How do you solve Number of Different Integers in a String on LeetCode?

Number of Different Integers in a String (LeetCode #1805) can be solved using Brute Force or Optimal Solution. The optimal approach is Optimal Solution with O(n) time complexity and O(n) space complexity. Key insight: Leading zeros are ignored when converting strings to integers.

What is the time complexity of Number of Different Integers in a String?

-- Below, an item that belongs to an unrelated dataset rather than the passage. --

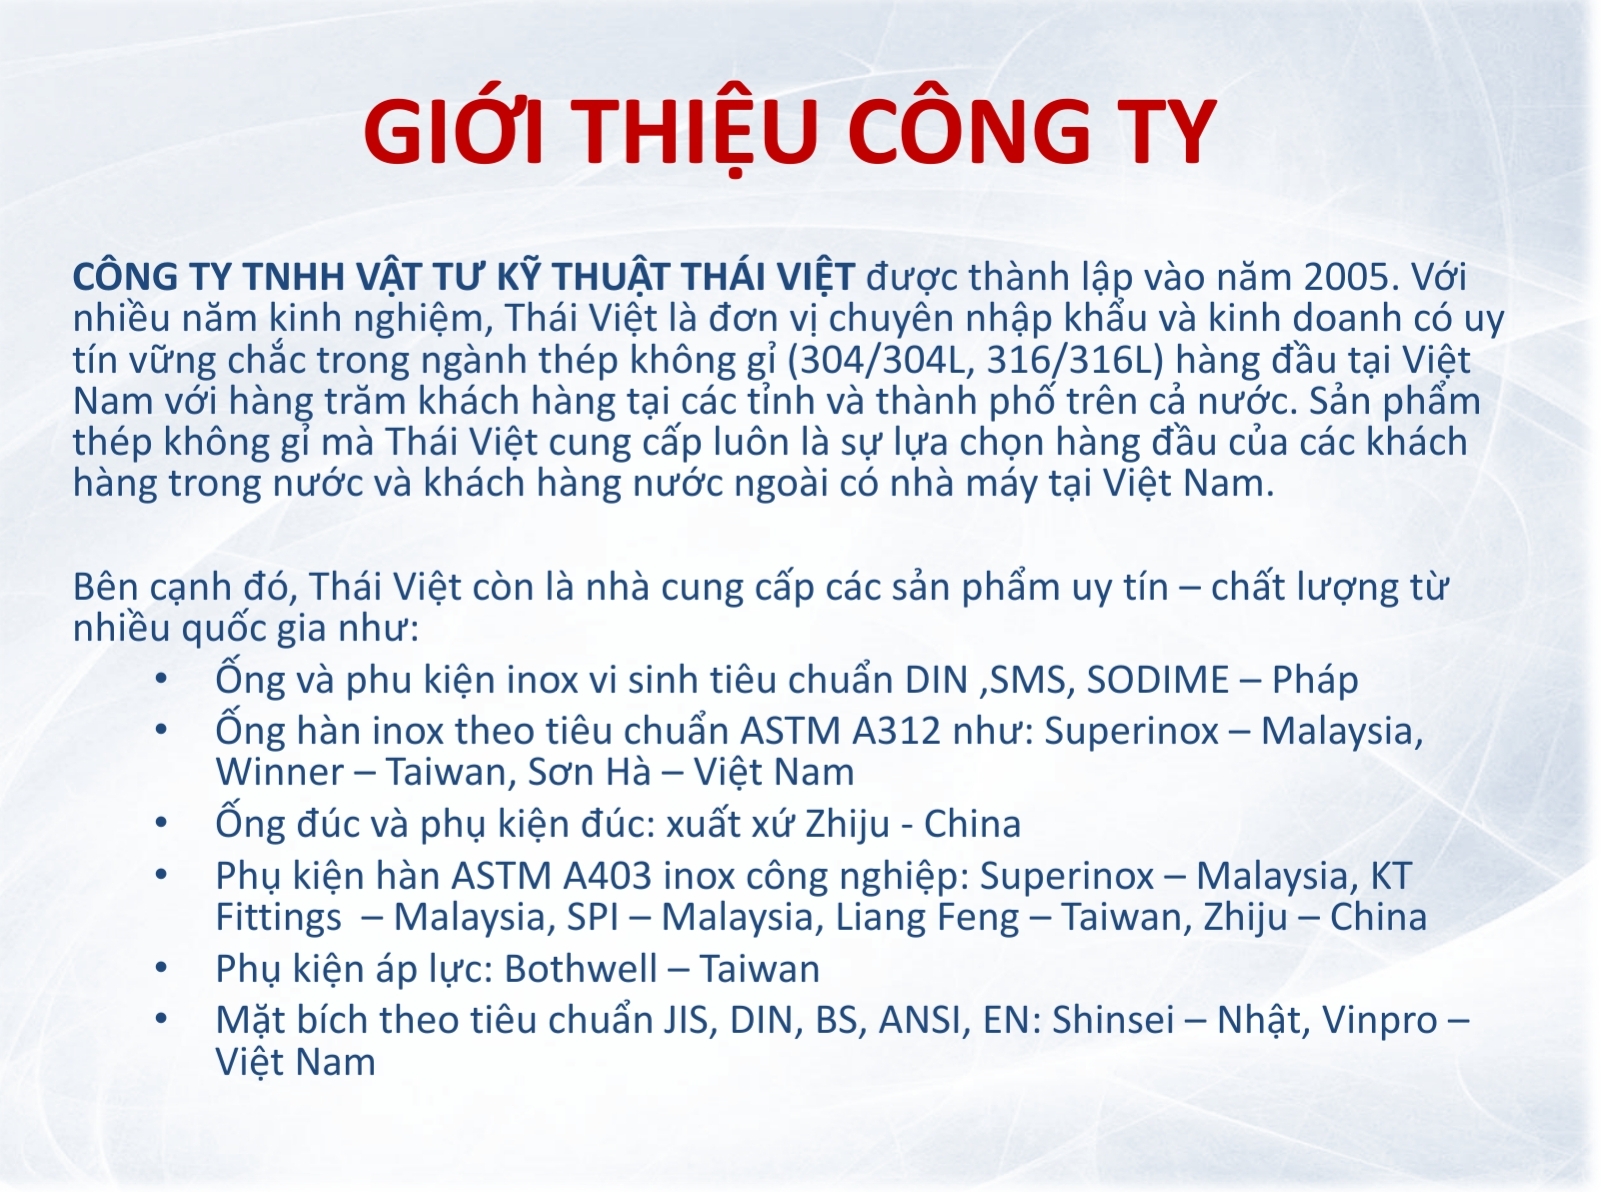 About us - Viet Thai

The optimal solution for Number of Different Integers in a String runs in O(n) time and uses O(n) space. The time complexity is O(n) because we traverse the string once and use a set to store unique integers, which allows for efficient lookups.

What is the brute force solution for Number of Different Integers in a String?

The brute force approach for Number of Different Integers in a String is Brute Force, with O(n²) time complexity and O(1) space complexity. The brute force approach involves replacing non-digit characters with spaces and then splitting the string to extract integers. We will then check for uniqueness by comparing each integer with others, which can be inefficient. The optimal Optimal Solution approach improves this to O(n).

What algorithm or data structure is used to solve Number of Different Integers in a String?

Number of Different Integers in a String uses the following concepts: Hash Table, String. The recommended patterns to study are: Hash Map, Array.

What are the interview tips for Number of Different Integers in a String?

Always clarify the problem requirements, especially around uniqueness. Think about edge cases, such as strings with only letters or only digits. Practice explaining your thought process while coding.

What are common mistakes when solving Number of Different Integers in a String?

Not trimming the string after replacement, leading to empty strings. Forgetting to handle leading zeros properly.

#1805

Number of Different Integers in a String

Easy

Hash TableStringHash MapArray

LeetCode ↗

Approaches

Brute ForceOptimal

Complexity Comparison

	Brute Force	Optimal Solution★
Time	O(n²)	O(n)
Space	O(1)	O(n)

💡

Intuition

Time O(n)Space O(n)

The optimal approach uses a set to store unique integers directly while processing the string. This avoids the need for nested comparisons and efficiently handles leading zeros.

⚙️

Algorithm

4 steps

1Step 1: Replace all non-digit characters with spaces.
2Step 2: Split the string into parts based on spaces.
3Step 3: Convert each part to an integer (this removes leading zeros) and add it to a set to ensure uniqueness.
4Step 4: Return the size of the set as the result.

solution.py5 lines

1# Full working Python code
2word = 'a123bc34d8ef34'
3modified = ''.join(c if c.isdigit() else ' ' for c in word)
4unique_integers = set(int(i) for i in modified.split() if i)
5result = len(unique_integers)

ℹ

Complexity note: The time complexity is O(n) because we traverse the string once and use a set to store unique integers, which allows for efficient lookups.

1Leading zeros are ignored when converting strings to integers.
2Using a set automatically handles uniqueness.

Solutions and explanations are original Tejav content. Problem titles © LeetCode — use the LeetCode button above for the full problem statement.